My contemplation of the complexities between different forms of art.


Aside from reading Guy Harrison's guide to eliminating scientific ignorance called, "At Least Know This: Essential Science to Enhance Your Life" and, "The Breakthrough: Immunotherapy and the Race to Cure Cancer" by Charles Graeber, an informative and emotional historical account explaining the potential use of our own immune systems to cure cancer, I read articles and worked on my own writing in order to keep learning while enjoying my winter break back in December. I also took a trip to the Guggenheim Museum.

I wish I was artistic. Generally, I walk through museums in awe of what artists can do. The colors and dainty details simultaneously inspire me and remind me of what little talent I posses holding a paintbrush. Walking through the Guggenheim was no exception. Most of the pieces are done by Hilma af Klint, a 20th-century Swedish artist expressing her beliefs and curiosity about the universe through her abstract painting. I was mostly at the exhibit to appease my mom (a K - 8th-grade art teacher), but as we continued to look at each piece and read their descriptions, I slowly began to appreciate them and their underlying meanings.
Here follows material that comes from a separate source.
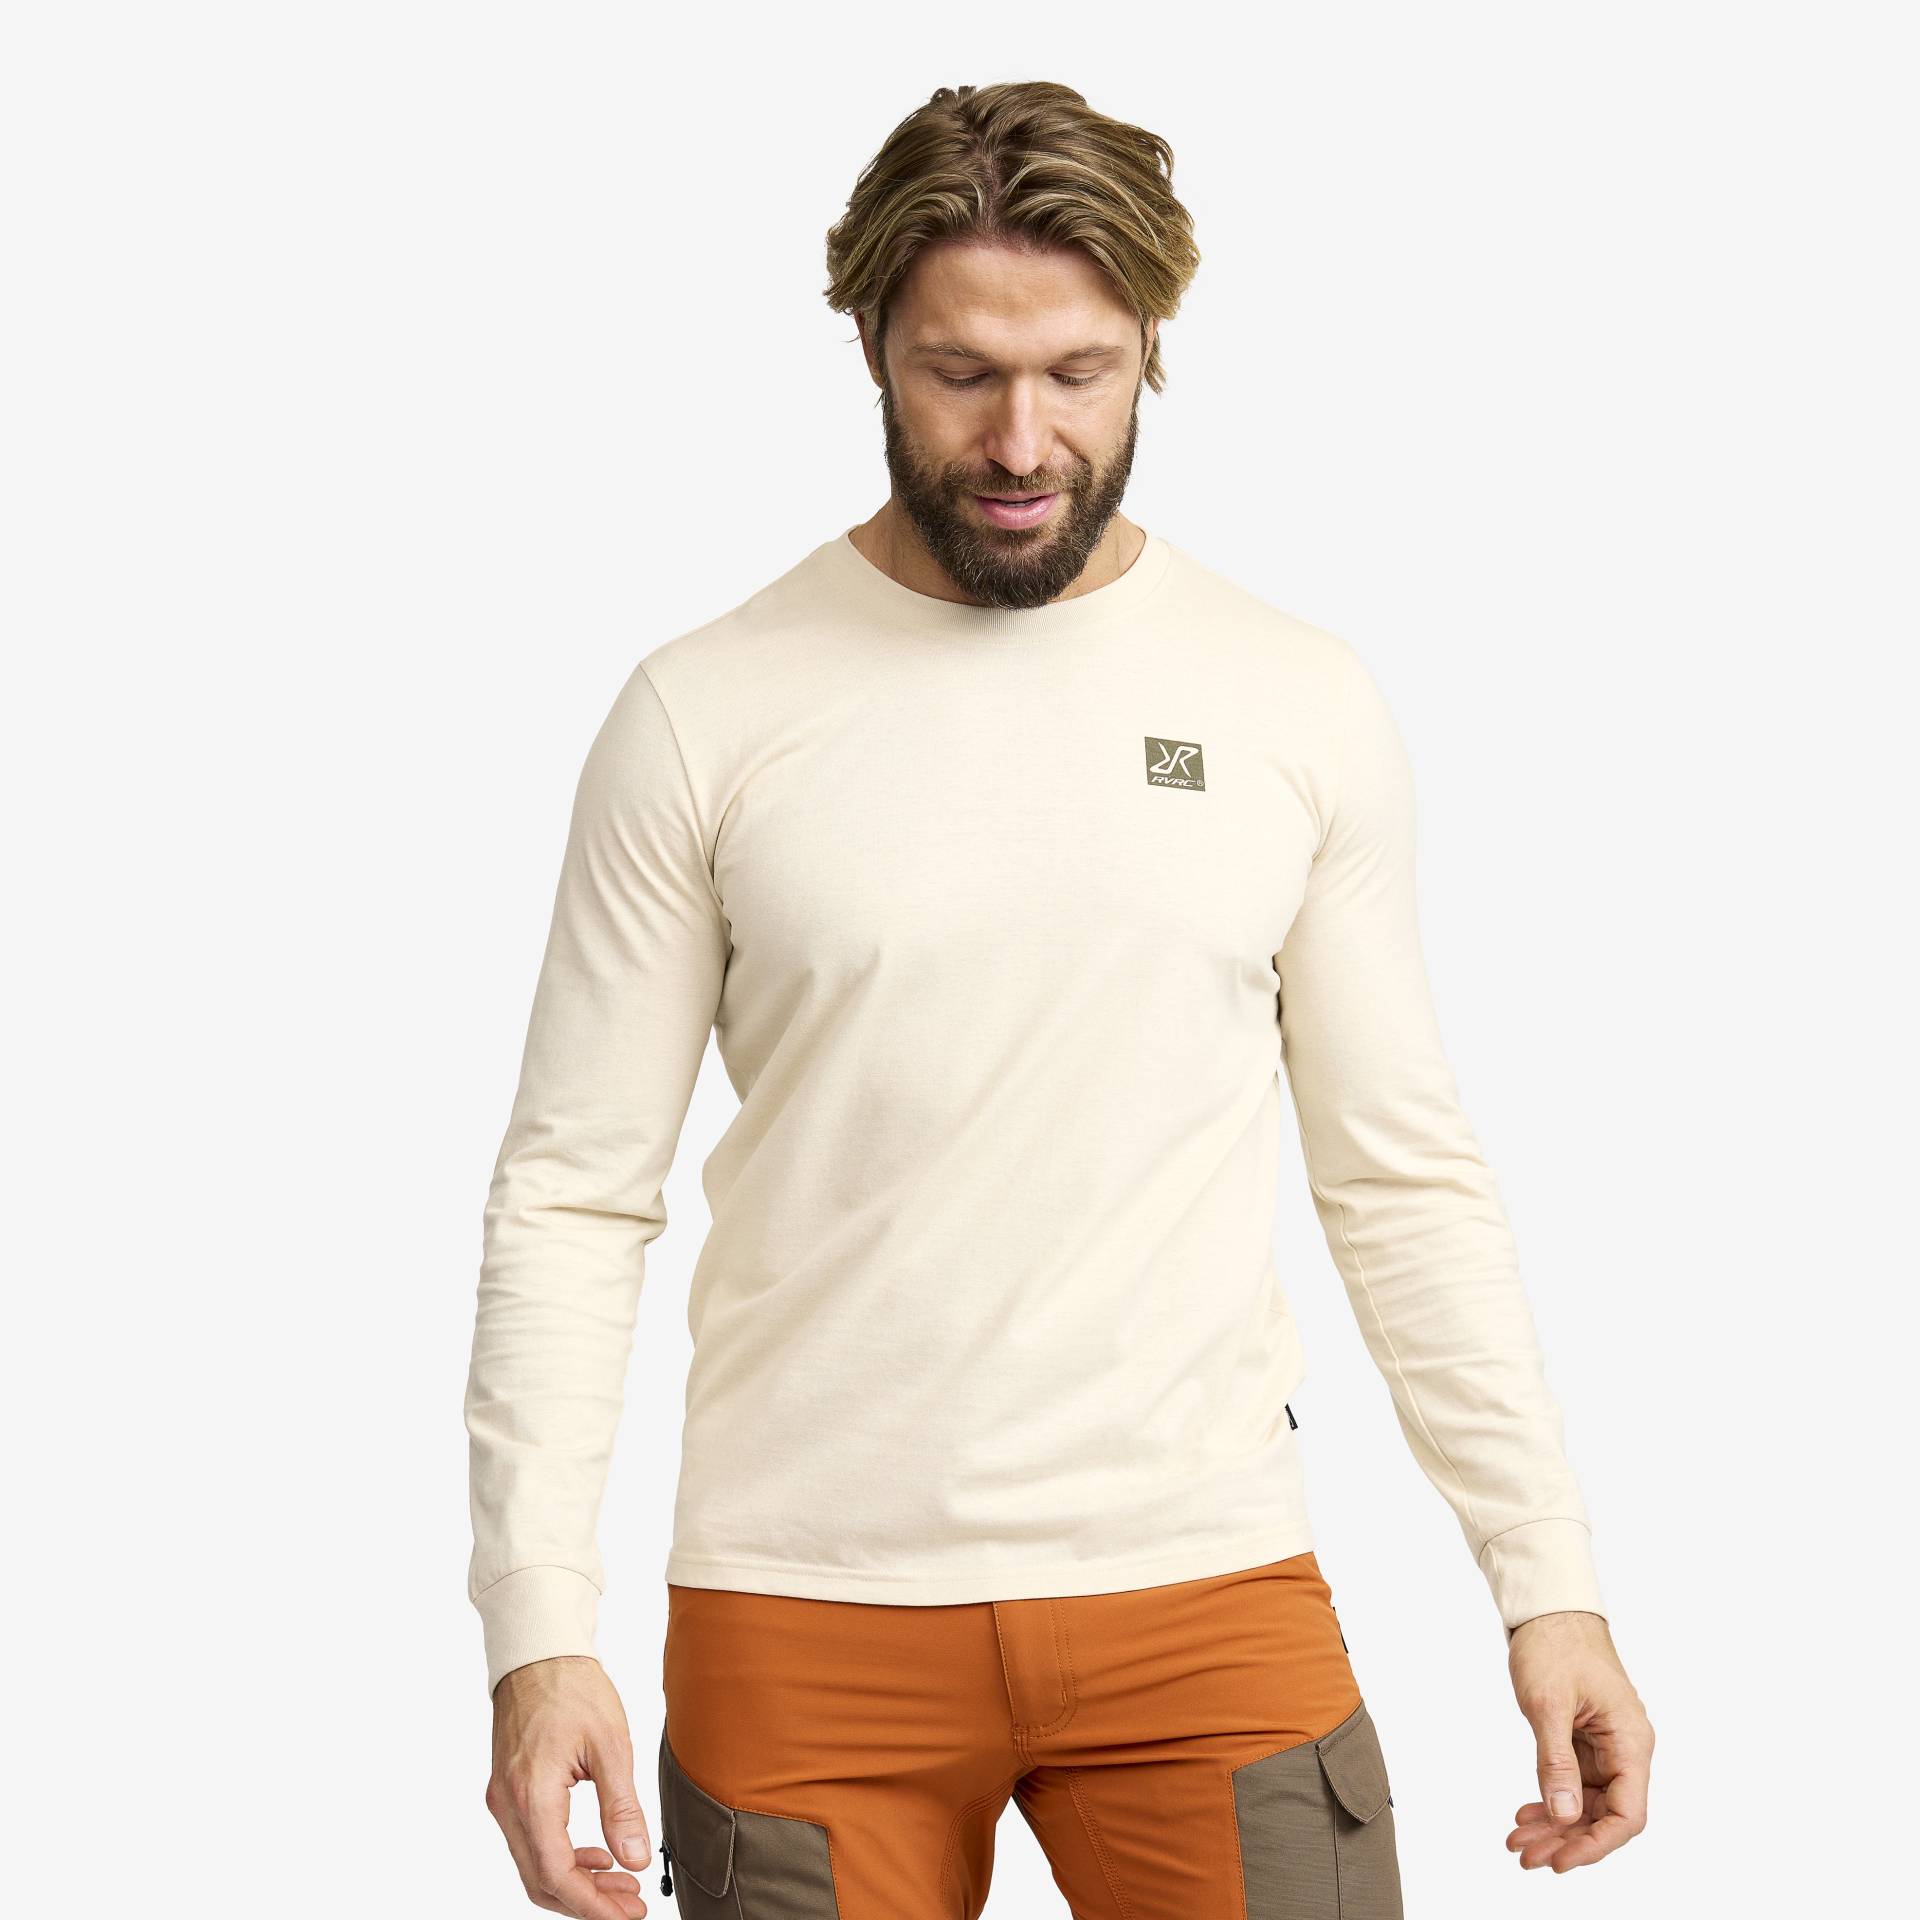 Easy Long-sleeved T-shirt Herren Oatmeal, Größe:XS - Bekleidung > Oberteile > Hemden & Langarmshirts von RevolutionRace

I like writing that integrates symbols, double meanings, and metaphors into its message because I think that the best works of art are the ones that have to be sought after. If the writer simply tells you exactly what they were thinking and how their words should be interpreted, there's no room for imagination. An unpopular opinion in high school was that reading "The Scarlet Letter" by Nathaniel Hawthorne was fun. Well, I thought it was. At the beginning of the book, there's a scene where Hawthorne describes a wild rosebush that sits just outside of the community prison. As you read, you are free to decide whether it's an image of morality, the last taste of freedom and natural beauty for criminals walking toward their doom, or a symbol of the relationship between the Puritans with their prison-like expectations and Hester, the main character, who blossoms into herself throughout the novel. Whichever one you think it is doesn't matter, the point is that the rosebush can symbolize whatever you want it to. It's the same with paintings - they can be interpreted however you want them to be.
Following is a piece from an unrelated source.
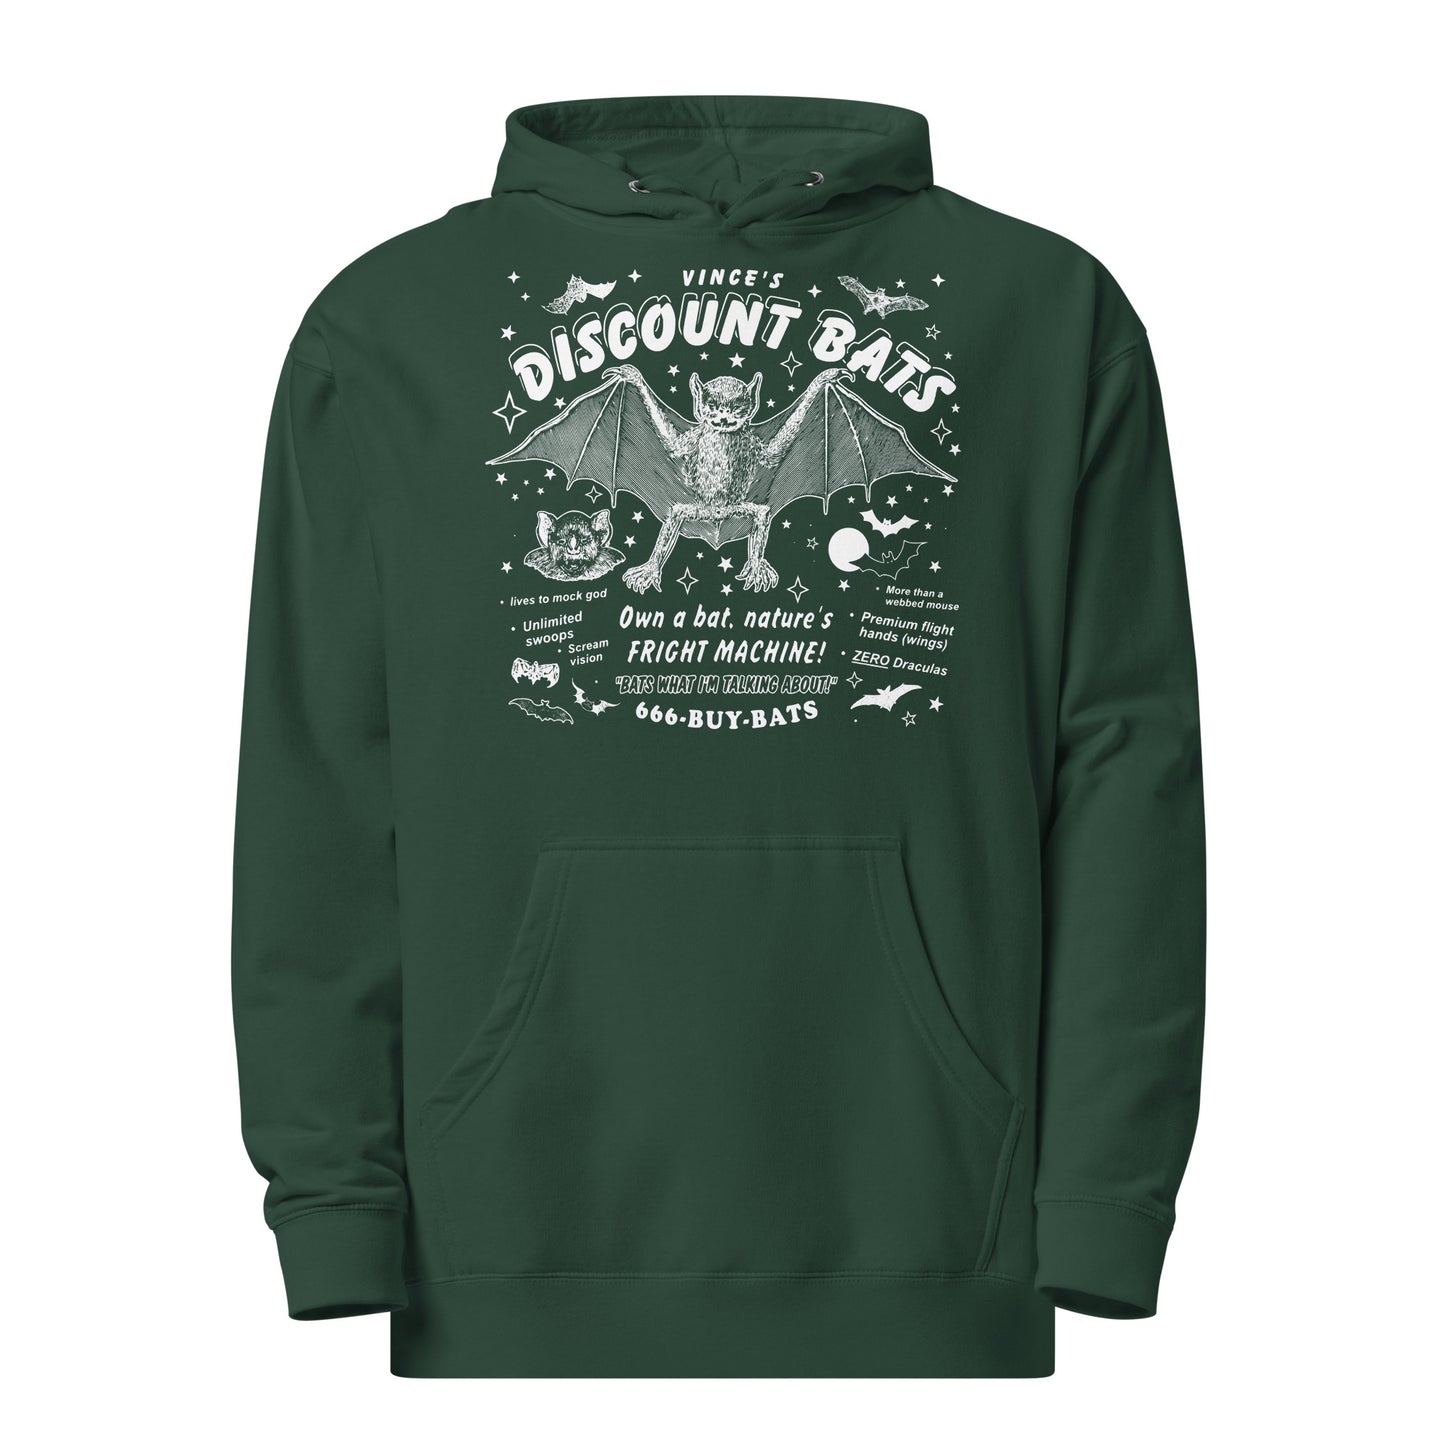 "Discount Bats" Unisex midweight hoodie

As we walked through the building, its spiral design leading us further and further upwards, we were able to catch glimpses of af Klint's life through the strokes of her brush. My favorite of her collections was one titled, "Evolution." As a science nerd myself, the idea that the story of our existence was being incorporated into art intrigued me. One piece represented the eras of geological time through her use of spirals and snails colored abstractly. She clued you into the story she was telling by using different colors and tones to represent different periods. It felt like reading "The Scarlet Letter" and my biology textbook at the same time. Maybe that sounds like the worst thing ever, but to me it was heaven. Art isn't just art and science isn't just science. Aspects of different studies coexist and join together to form something amazing that will speak to even the most untalented patron walking through the museum halls.